Дело вдовы Леруж - Габорио Эмиль. Страница 28
Как раз в эти дни он расследовал преступление жалкой уличной женщины, которую обвиняли в том, что она ударом ножа расправилась с одной из своих товарок.
Она ревновала к этой товарке, пытавшейся отбить у нее любовника, грубого пьянчугу-солдата.
Теперь г-ну Дабюрону было жаль эту презренную женщину, которую он накануне начал допрашивать.
Она была безобразна, вызывала отвращение, но ему припомнилось выражение ее лица в ту минуту, когда она заговорила о своем солдате.
«Она любит его, — думал следователь. — Если бы каждый присяжный перенес те же страдания, что я, она была бы оправдана. Но многие ли испытали в жизни страсть? Дай бог, один человек из двадцати».
Он поклялся себе призвать суд к снисходительности и, насколько удастся, смягчить кару за преступление.
Он и сам был готов решиться на преступление.
Г-н Дабюрон замыслил убить Альбера де Коммарена.
До самого утра он все больше укреплялся в своем замысле, приводя сотни безумных доводов, казавшихся ему вполне основательными и бесспорными, в пользу необходимости и законности мщения.
К семи утра он очутился на одной из аллей Булонского леса недалеко от озера. Он добрался до заставы Майо, нанял экипаж и велел отвезти себя домой.
Ночной бред продолжался, — но страдание унялось. Он не испытывал ни малейшей усталости. Одержимый навязчивой идеей, он действовал спокойно и методично, словно сомнамбула.
Он раздумывал, рассуждал, но разум его бездействовал.
Дома он тщательнейшим образом оделся, как в те дни, когда собирался в гости к маркизе д'Арланж, и вышел. Сперва он заглянул к оружейнику и купил маленький револьвер, который по его просьбе тут же зарядили. Сунув револьвер в карман, он отправился навещать тех знакомых, которые, по его мнению, могли знать, в каком клубе состоит виконт. Он разговаривал и держался настолько естественно, что никто не заметил, в каком странном состоянии духа он находится.
И только под вечер один его молодой приятель назвал ему клуб, который посещает г-н де Коммарен-сын, и, будучи сам членом этого клуба, предложил г-ну Дабюрону сводить его туда.

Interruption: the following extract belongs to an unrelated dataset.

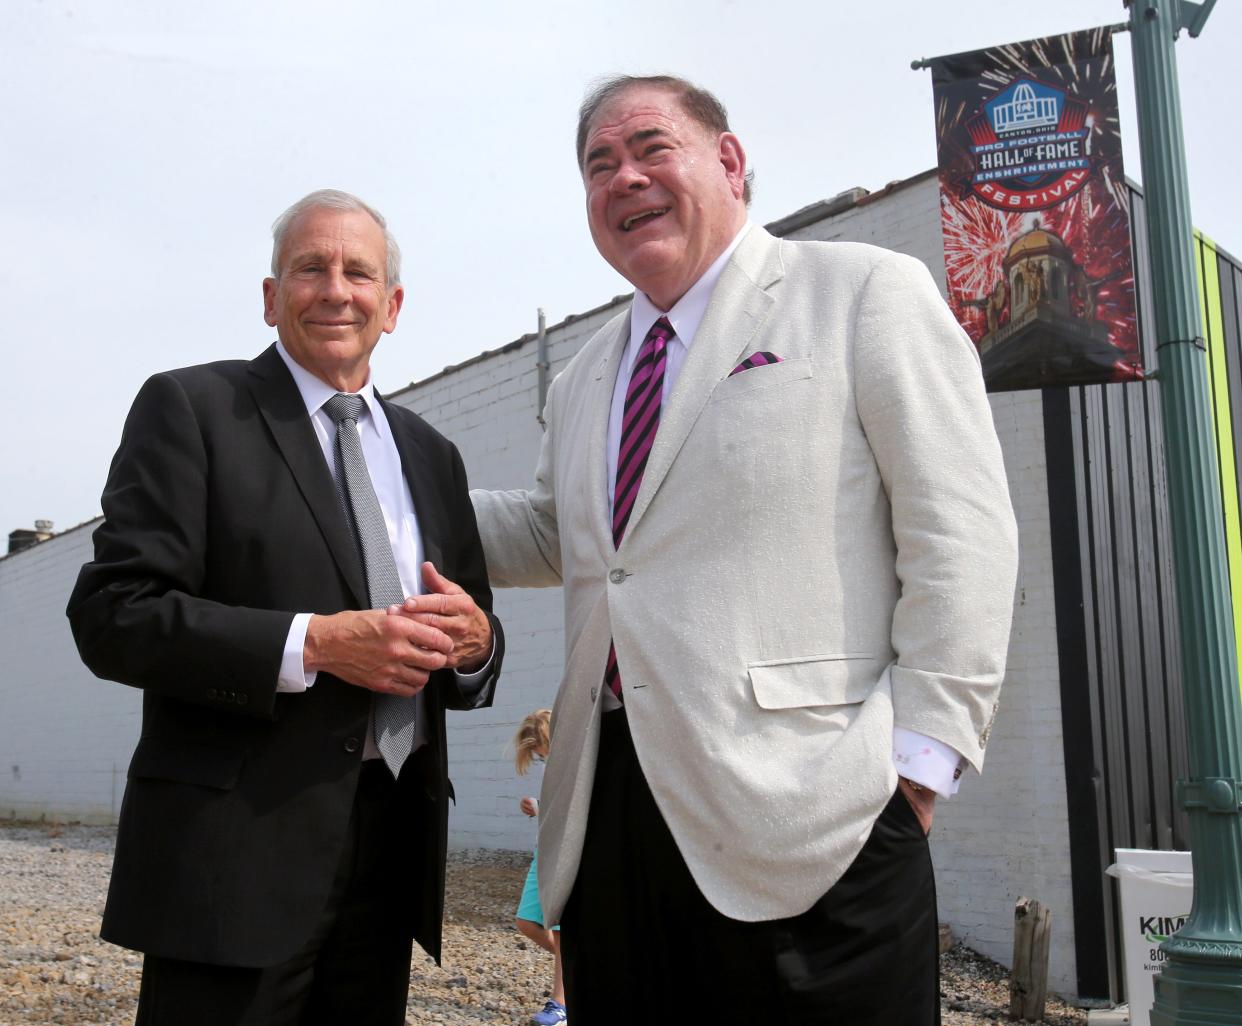 Canton Mayor Thomas M. Bernabei, left, speaks with David Baker, president and CEO of the Pro Football Hall of Fame, prior to the unveiling of the "1958 Championship Game" statue in Canton in August 2021. It is the final piece in "The ELEVEN" football-themed art pieces located throughout Canton.

Юрист пылко поблагодарил друга и принял приглашение.
По дороге он исступленно сжимал в кармане рукоять револьвера. Думал он только об убийстве, которое собирался совершить, да о том, как бы не промахнуться.
«Поднимется чудовищный шум, — хладнокровно размышлял он, — особенно если мне не удастся сразу пустить себе пулю в лоб. Меня арестуют, посадят в тюрьму, будут судить. Пропало мое доброе имя! Ах, не все ли равно: раз Клер меня не любит, какое мне дело до прочего? Отец умрет от горя, знаю, но мне нужно отомстить».
В клубе приятель показал ему молодого черноволосого человека, который читал журнал, облокотясь на стол, г-ну Дабюрону показалось, что у него высокомерный вид.
Это был виконт.
Г-н Дабюрон, не вынимая револьвера, пошел прямо на него, но когда тот был уже в двух шагах от виконта, решимость изменила ему. Он резко повернулся и бросился прочь, оставив приятеля в глубоком недоумении относительно сцены, которую он не в силах был истолковать.
Никогда еще за всю свою жизнь г-н Альбер де Коммарен не был так близок к смерти, как в тот день.
Выйдя на улицу, г-н Дабюрон почувствовал, что земля уходит у него из-под ног. Перед глазами все поплыло. Он хотел крикнуть, но не мог. Судорожно взмахнув руками, он покачнулся и грузно осел на тротуар.
Сбежались люди, помогли полицейскому его поднять. В кармане у него нашли адрес и доставили его домой.
Придя в сознание, он обнаружил, что лежит в постели, а в ногах у него стоит отец.
— Что со мной было?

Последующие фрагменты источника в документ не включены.